== Segment start ==
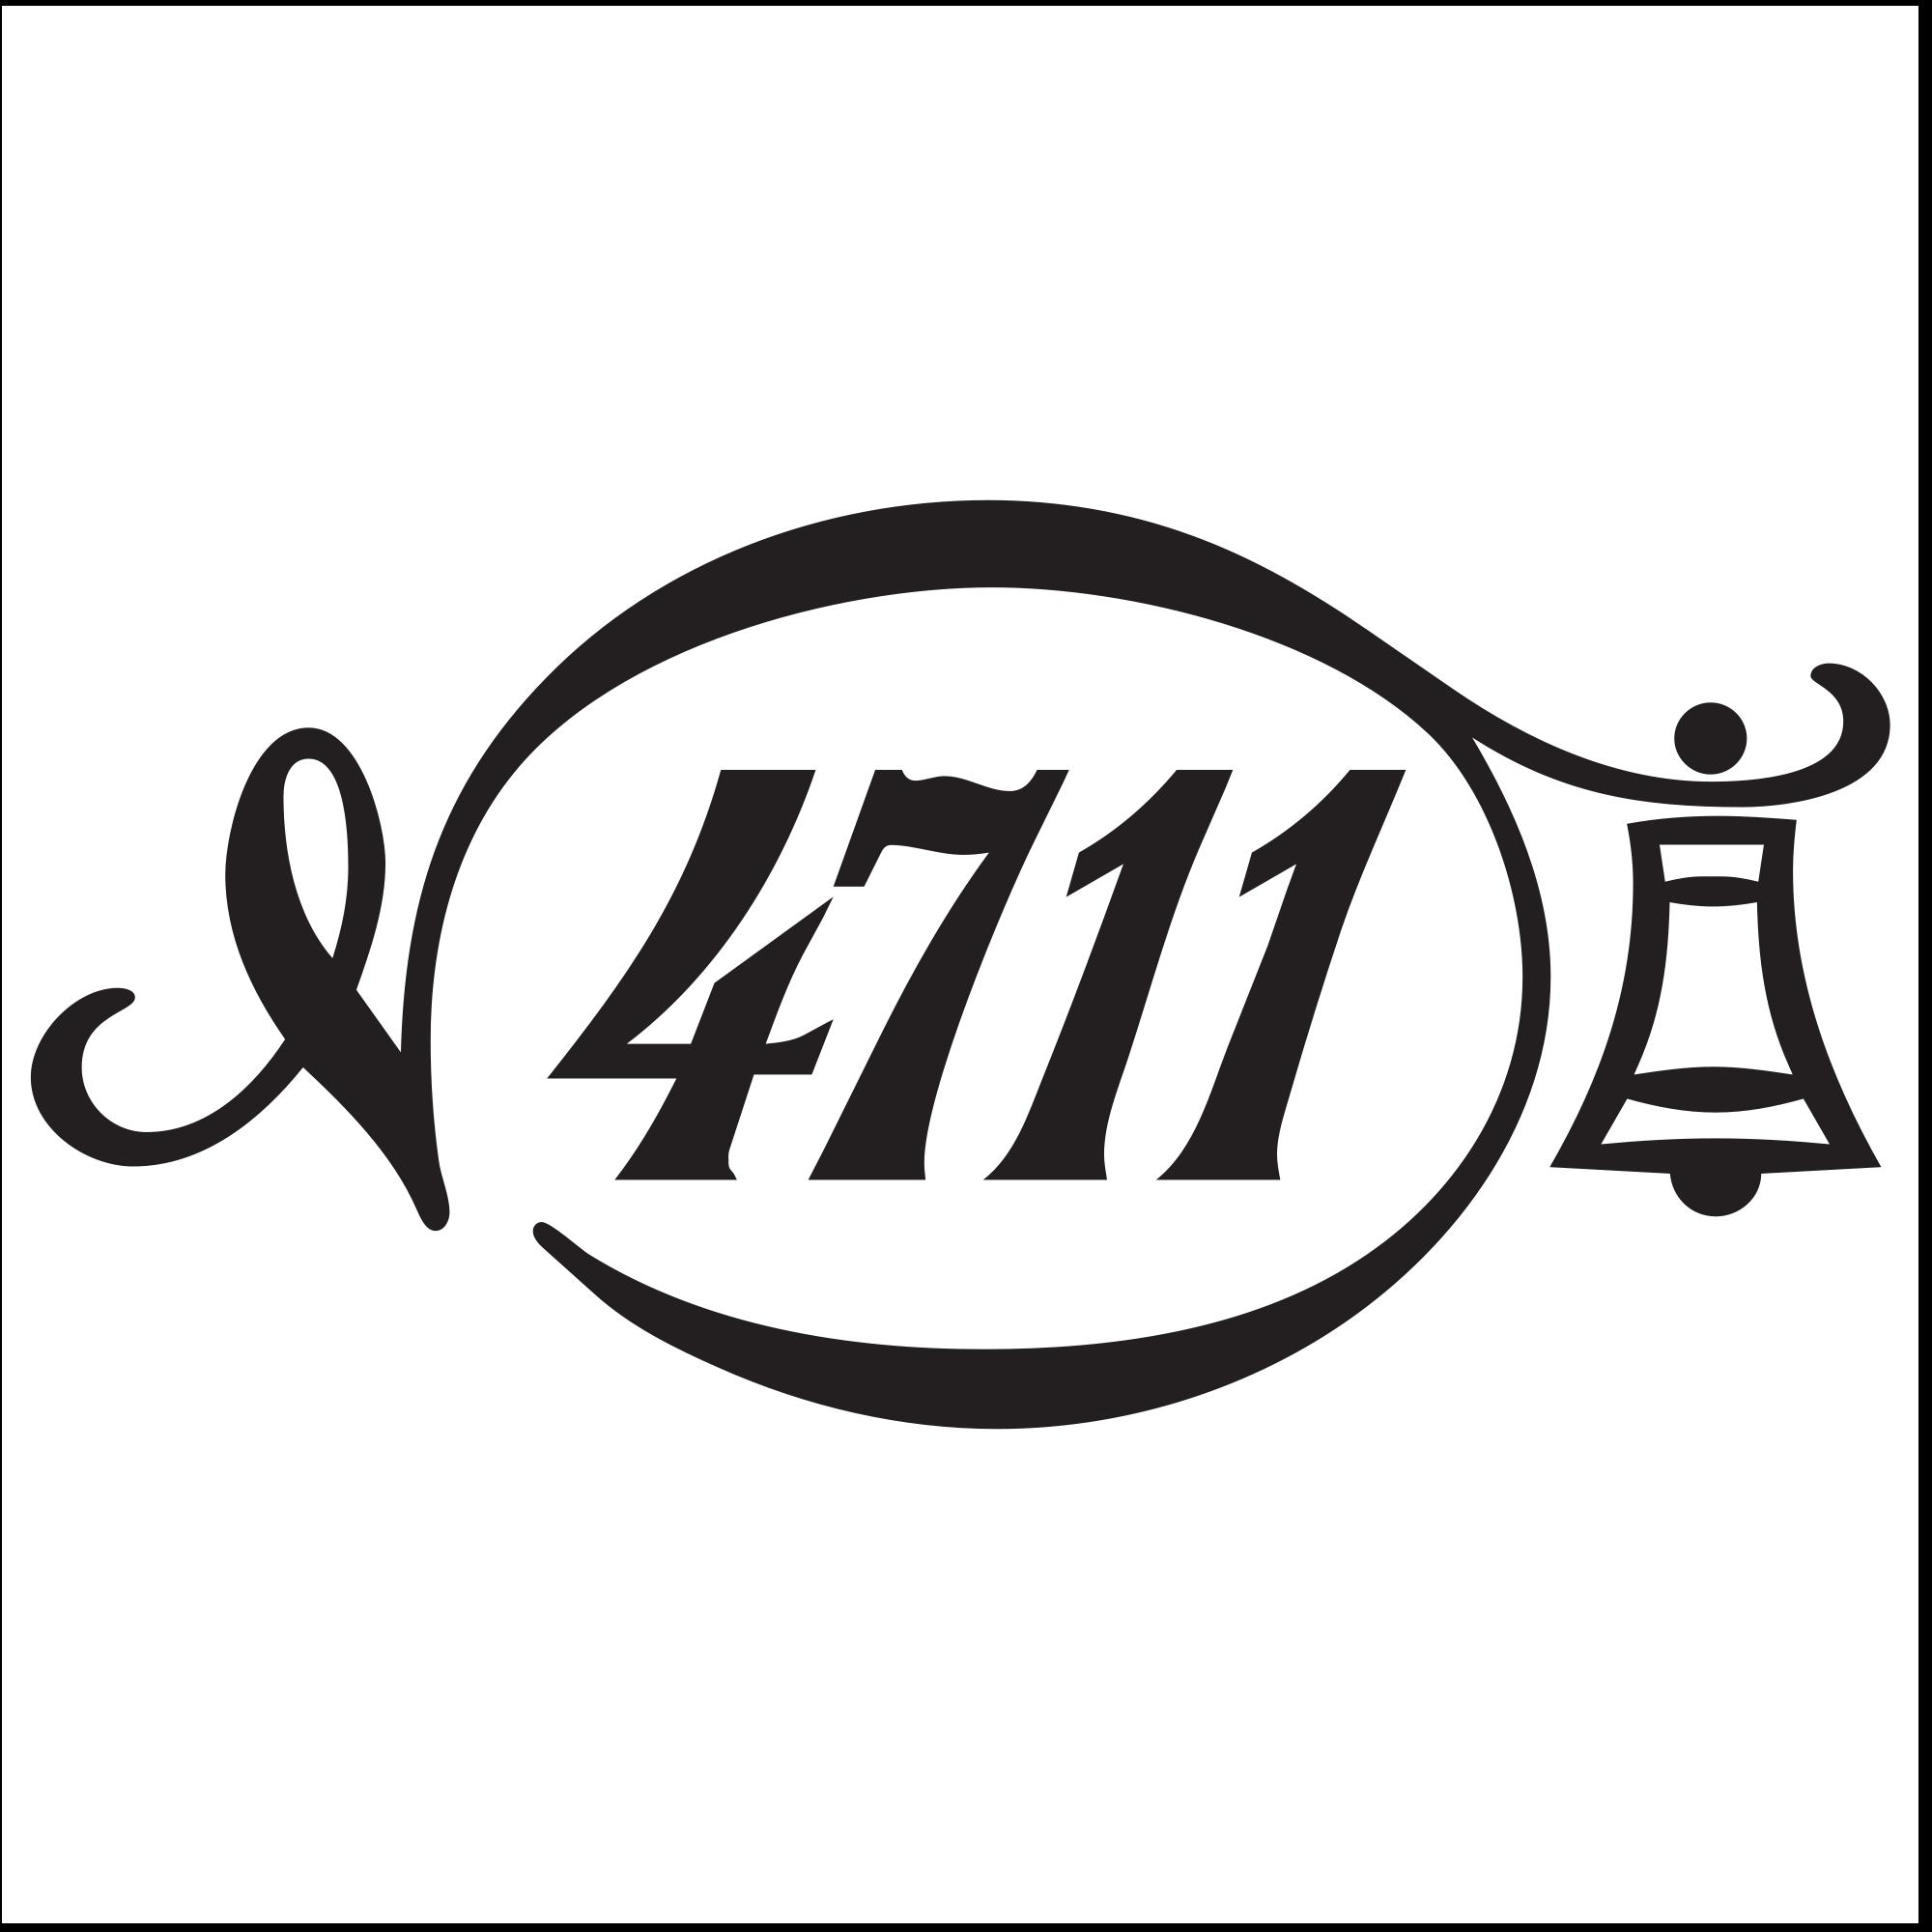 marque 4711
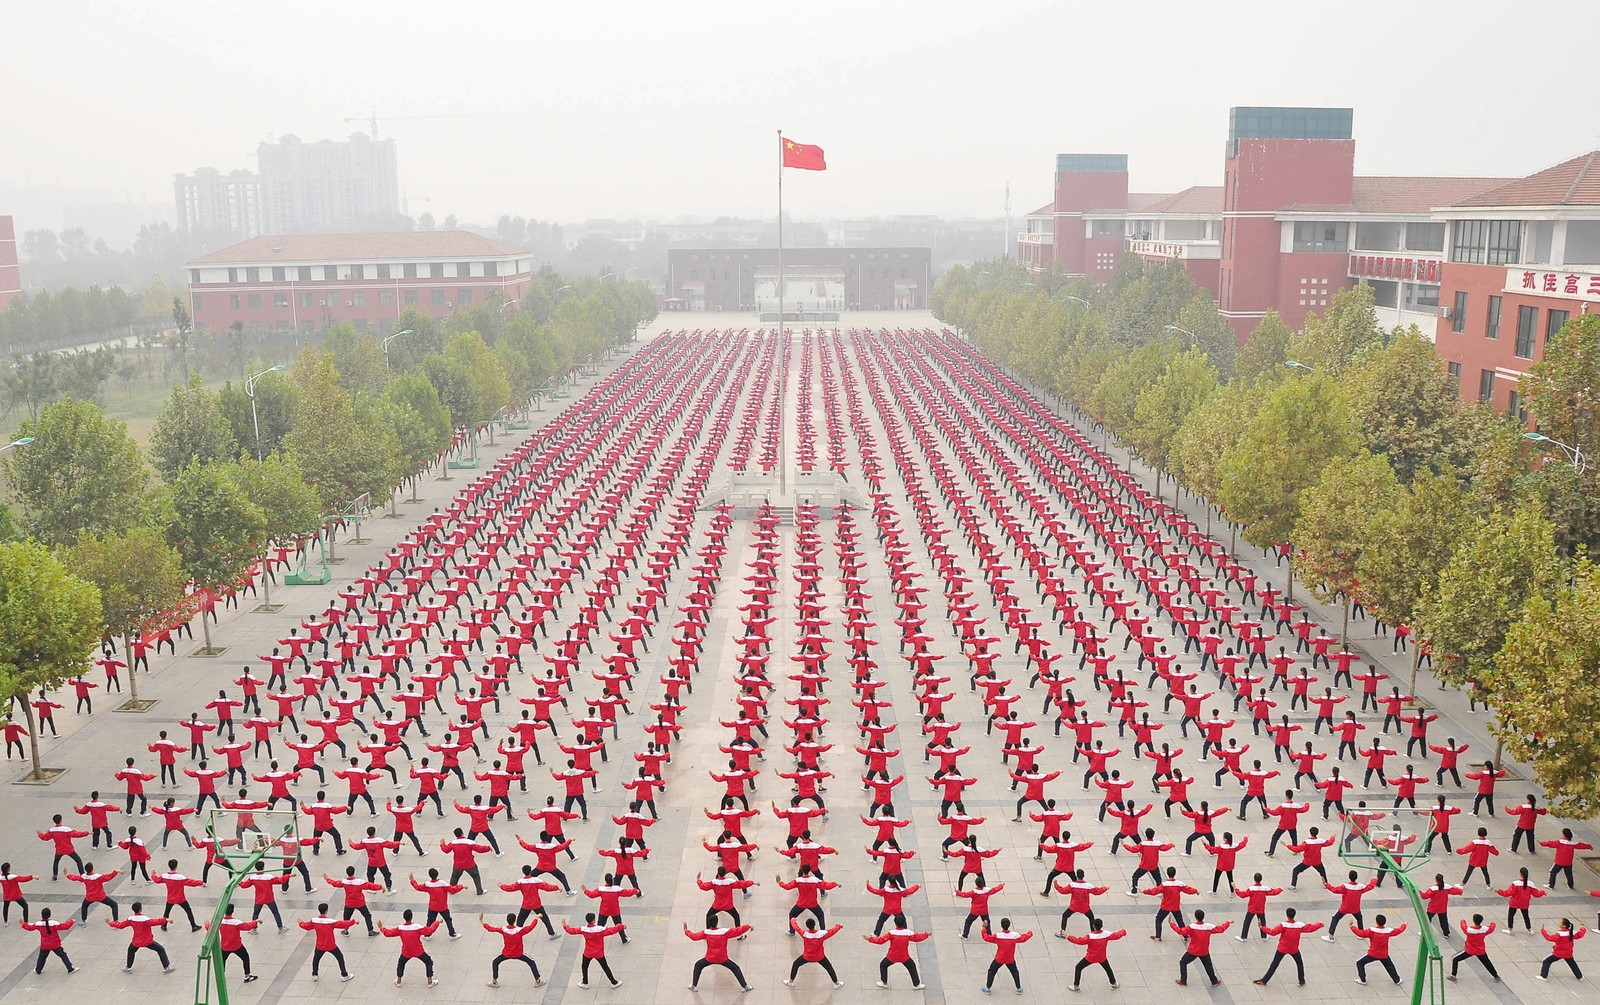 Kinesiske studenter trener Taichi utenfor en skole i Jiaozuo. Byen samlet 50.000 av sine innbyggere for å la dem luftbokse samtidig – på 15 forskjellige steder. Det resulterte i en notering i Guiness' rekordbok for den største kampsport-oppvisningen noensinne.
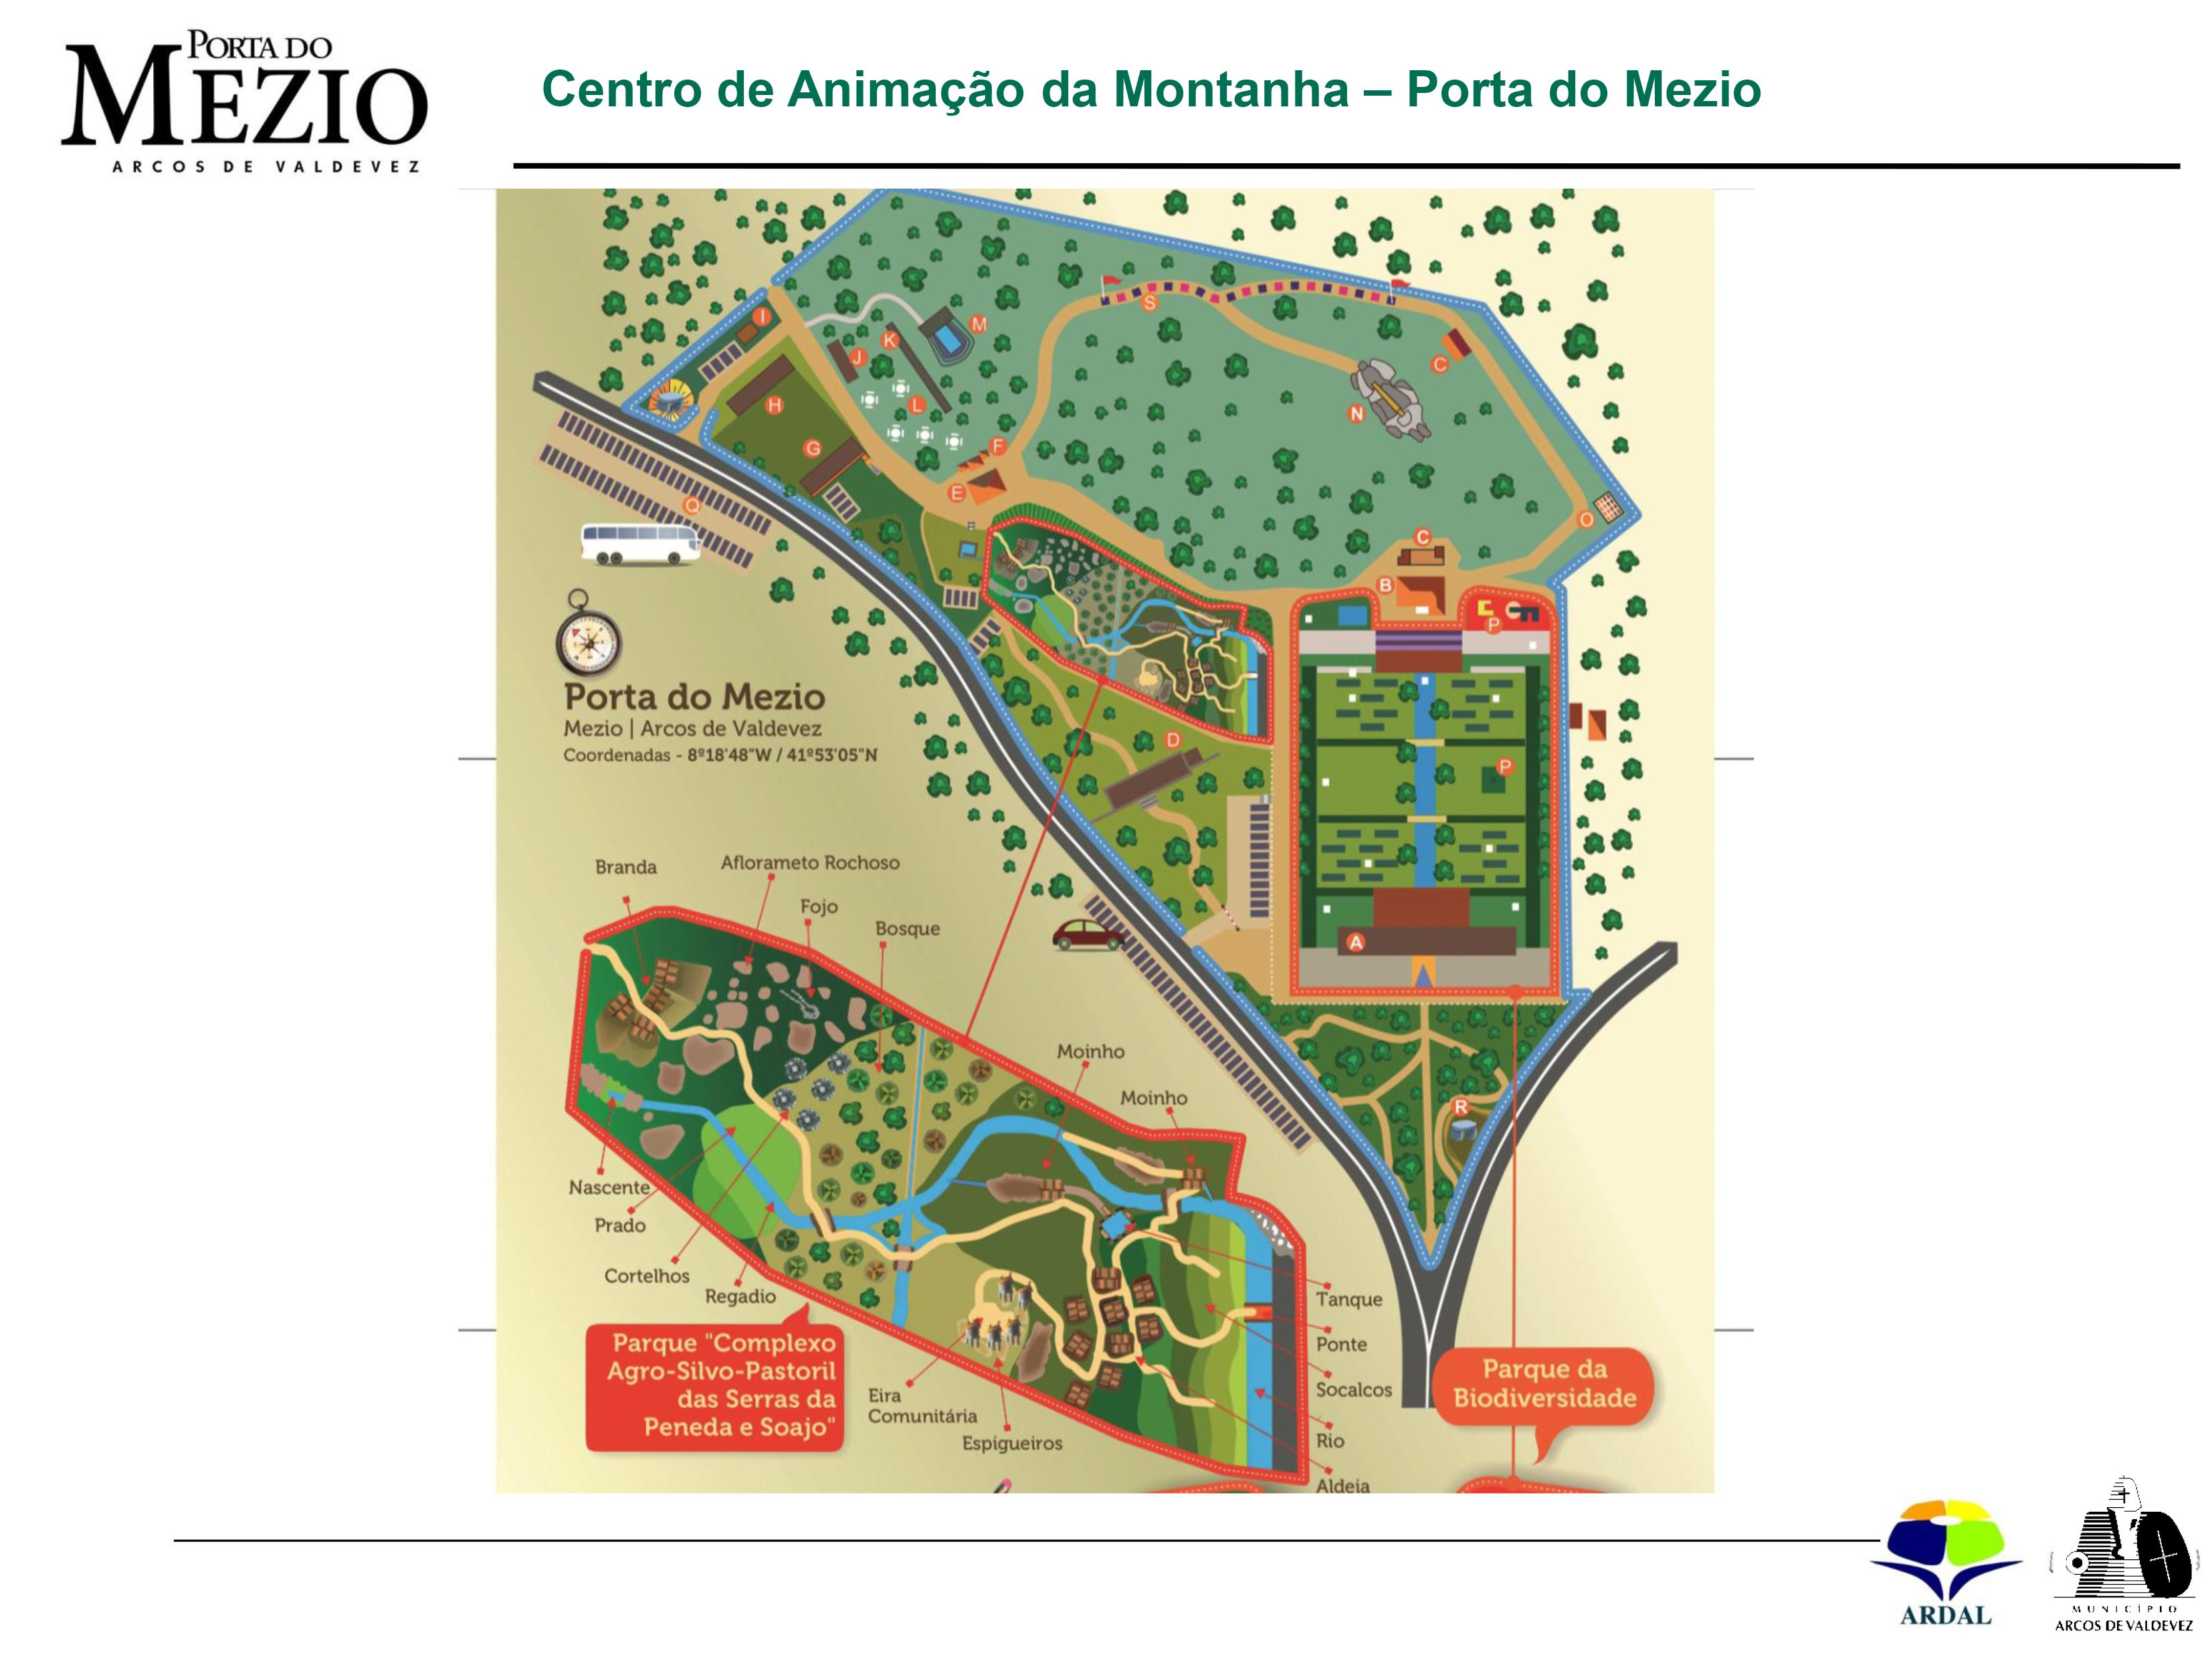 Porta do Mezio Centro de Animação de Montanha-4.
== Segment end ==
Task
Only the pictures are dropped when you print the material; everything else is copied exactly.

Task output
 marque 4711
 Kinesiske studenter trener Taichi utenfor en skole i Jiaozuo. Byen samlet 50.000 av sine innbyggere for å la dem luftbokse samtidig – på 15 forskjellige steder. Det resulterte i en notering i Guiness' rekordbok for den største kampsport-oppvisningen noensinne.
 Porta do Mezio Centro de Animação de Montanha-4.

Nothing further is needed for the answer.